Although Mott-Wright said she and other teachers “desperately” want to see their students and for education to return to normal, she believes it isn’t worth endangering the lives of students, educators and their families.
She continues to urge TPS to follow in Oklahoma City Public Schools’ footsteps by committing to 100% distance learning for at least the first nine weeks instead of returning to in-person instruction prematurely. The district will decide how it reopens — face to face, remotely or a combination of both — on Aug. 3.
If the school district opts for in-person instruction, Mott-Wright warns there will be a “strong response from teachers,” though she did not elaborate on what that would look like.
“I will put it this way,” she said. “We didn’t have enough teachers before COVID. You certainly won’t have enough teachers during COVID to go back face-to-face until we know without a doubt it is safe for all students and teachers, support professionals, administrators and our families and community.”
Kay Lynn Honeywell, who teaches at Liberty STEM Elementary in Sapulpa and is vice president of her district’s teacher union, also feels apprehensive about going back to the classroom because she is diabetic.
But Honeywell said she’s conflicted about whether schools should reopen in person or remotely in August, adding that there are so many aspects to consider.
“When I think of our children from a social aspect, I’m extremely concerned about them not being in school and having that social interaction with their peers and with their teachers,” she said. “Because outside of the academic learning, that social and emotional piece is huge in public school. We don’t want to raise a generation of students who are asocial and don’t know how to work and interact with others unless there’s a screen between them.”
On the other hand, Honeywell said she wouldn’t feel comfortable sending a child with health issues to school with the threat of COVID-19 looming over them.
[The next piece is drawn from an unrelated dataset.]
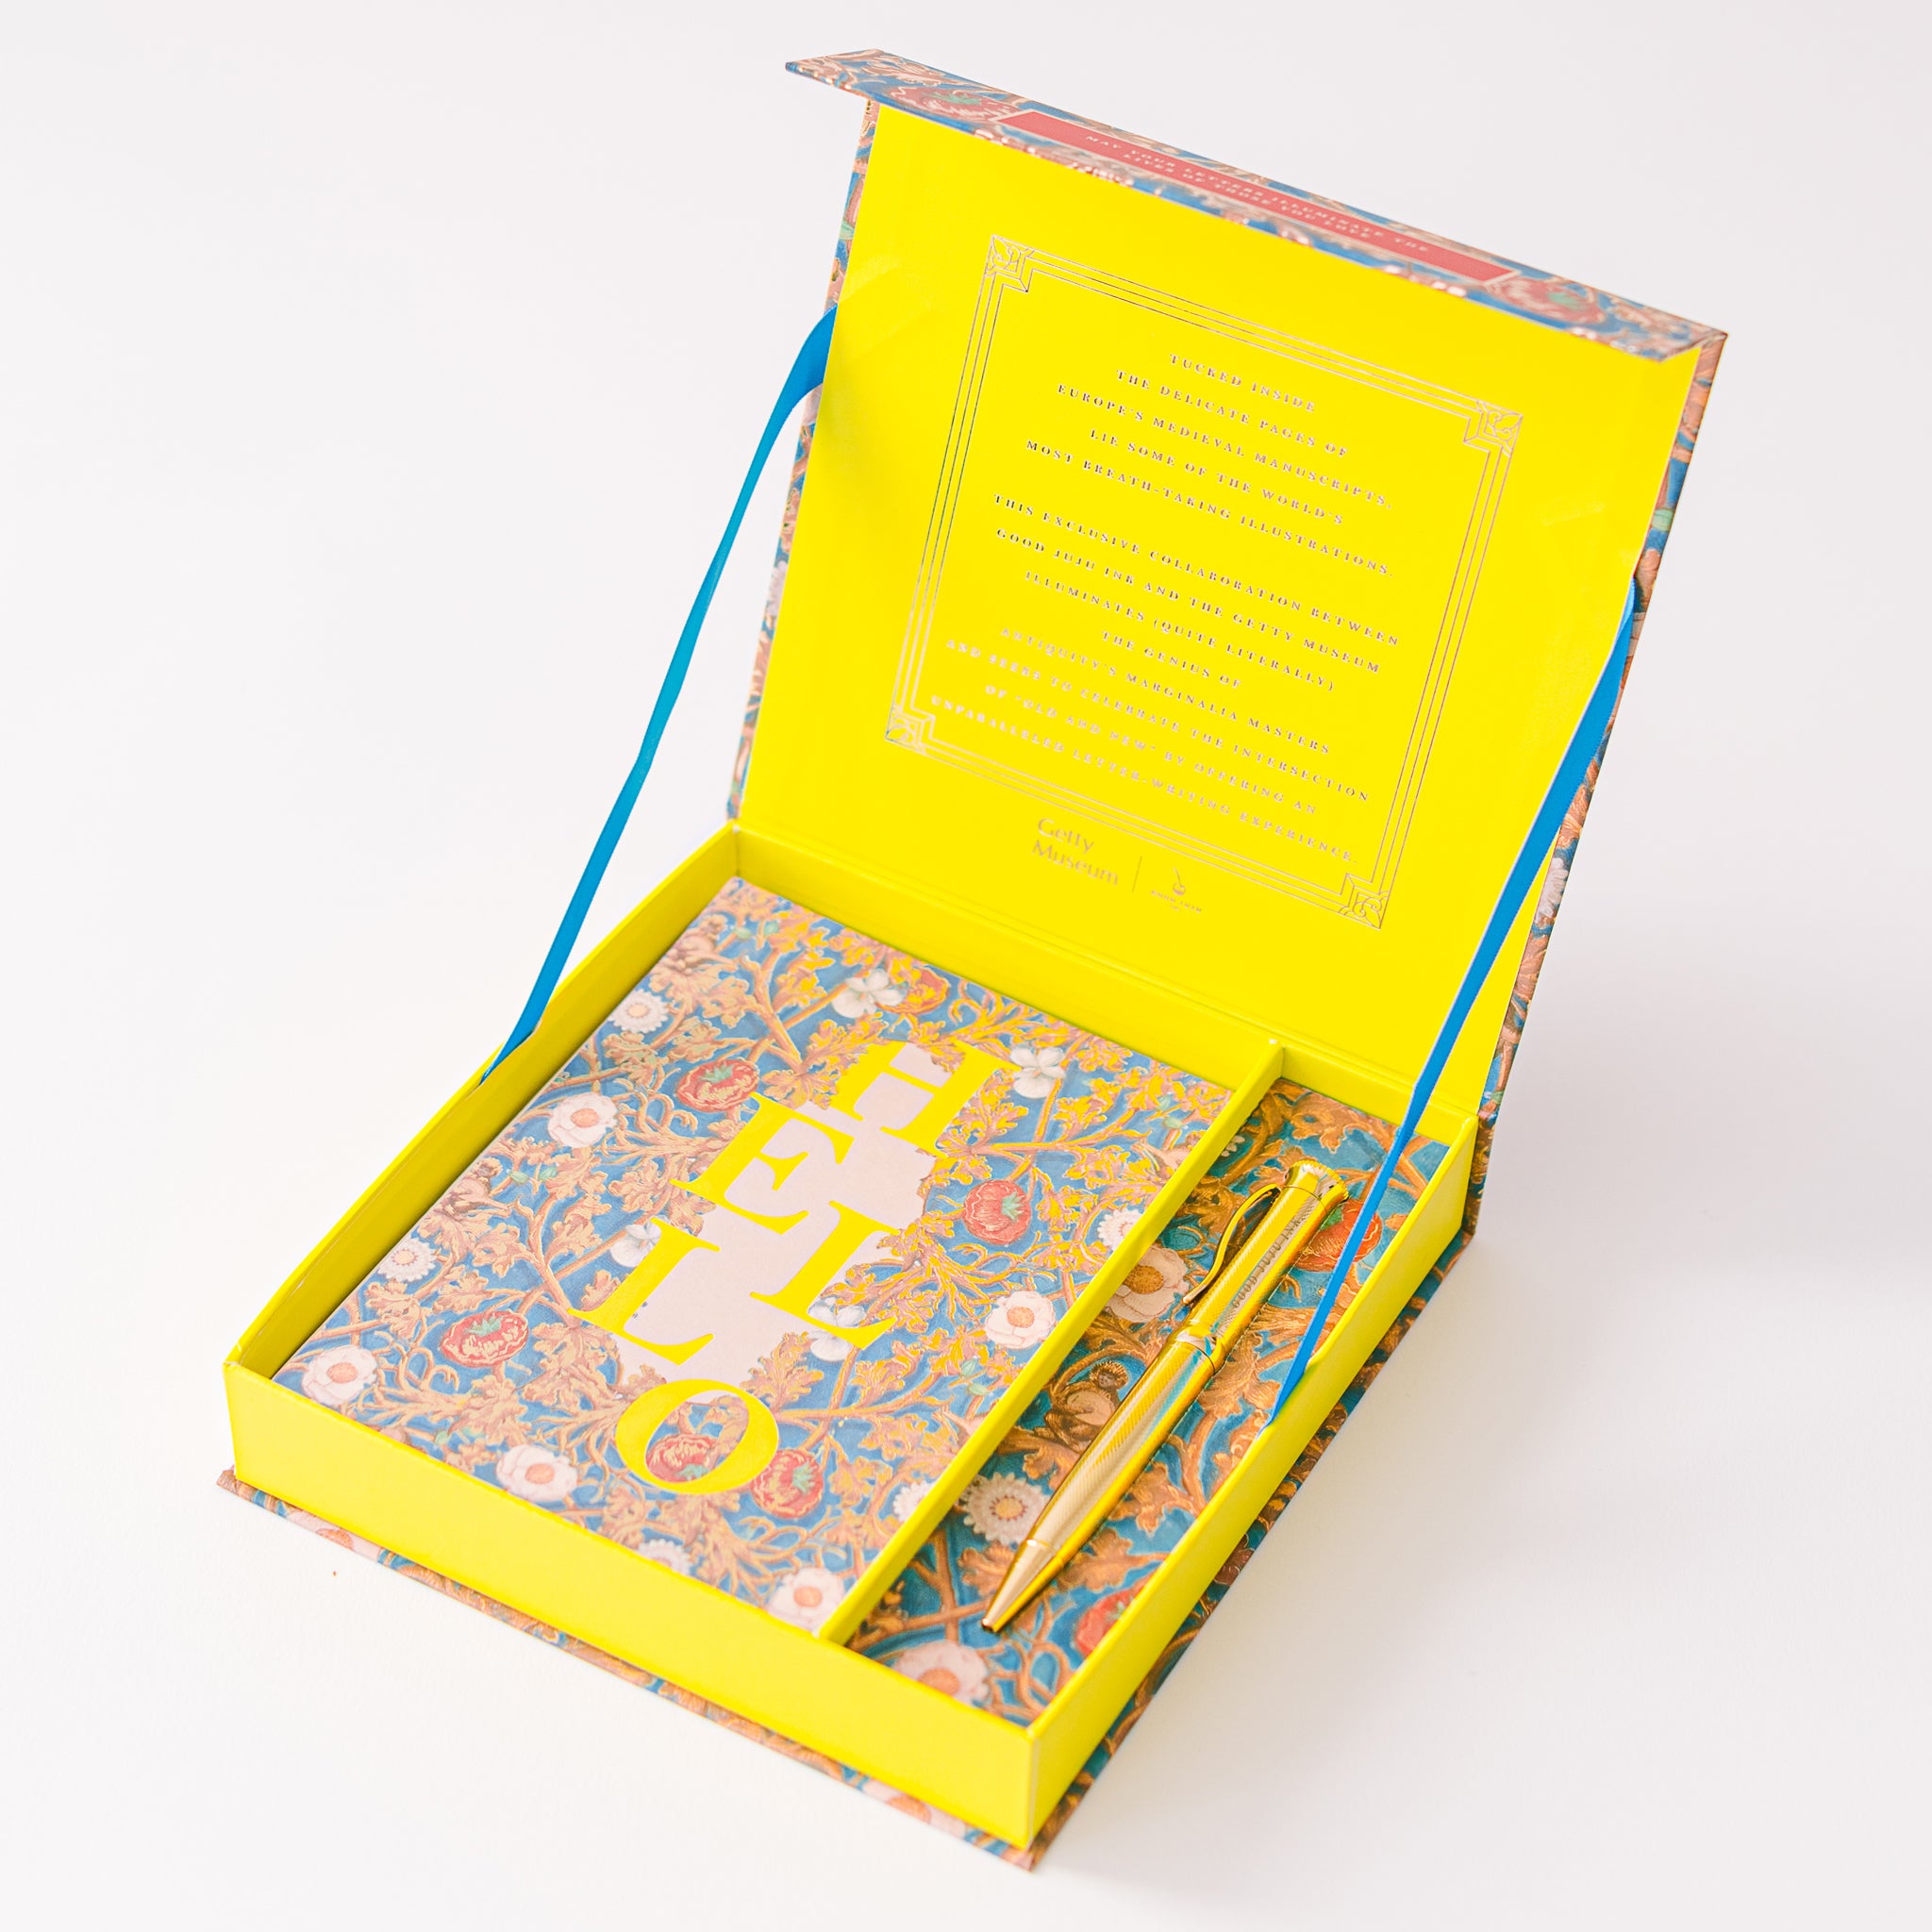 Deluxe Stationery Box - All in One Stationery Set

Many districts, including Sapulpa, have not yet announced whether masks will be required this school year. Honeywell said she was disappointed that the state education board on Thursday voted against issuing a series of virus safety mandates that would have necessitated the use of masks in most schools.
State Superintendent Joy Hofmeister had proposed the safety protocols and expressed frustration at the board’s decision to not make them mandatory.
Following the meeting, Hofmeister told the Tulsa World that not enough is being done to protect education employees during the ongoing pandemic.
“This is a public health crisis that needs a state response,” she said. “Today was a setback at a time when schools and teachers need clear and sound directive at the state level.”
Educators are most worried about schools not requiring the use of masks, Hofmeister said. The State Education Department has received numerous calls and messages from families pleading for strict safety protocols to protect loved ones who are immunocompromised.
Hofmeister said 7,000 teachers across Oklahoma are eligible to retire this year. She believes many of them will choose to do so if they don’t feel safe at school. The state’s proposal, she said, could have given them the assurance to stay.
“I don’t want them to put themselves in harm’s way, and I don’t want them to retire,” she said. “I don’t want them to leave. We could work to lower risk and make it work, and the time to do that is in July because we have weeks until schools open that we can use to gear up and get the needed protective gear, masks, whatever is needed.
“Yet we’re losing this window of opportunity, and unfortunately that will have consequences with our ability to open schools. Kids need to be in school, but we have a duty to mitigate risk. That did not happen at the state board meeting, against my objection.”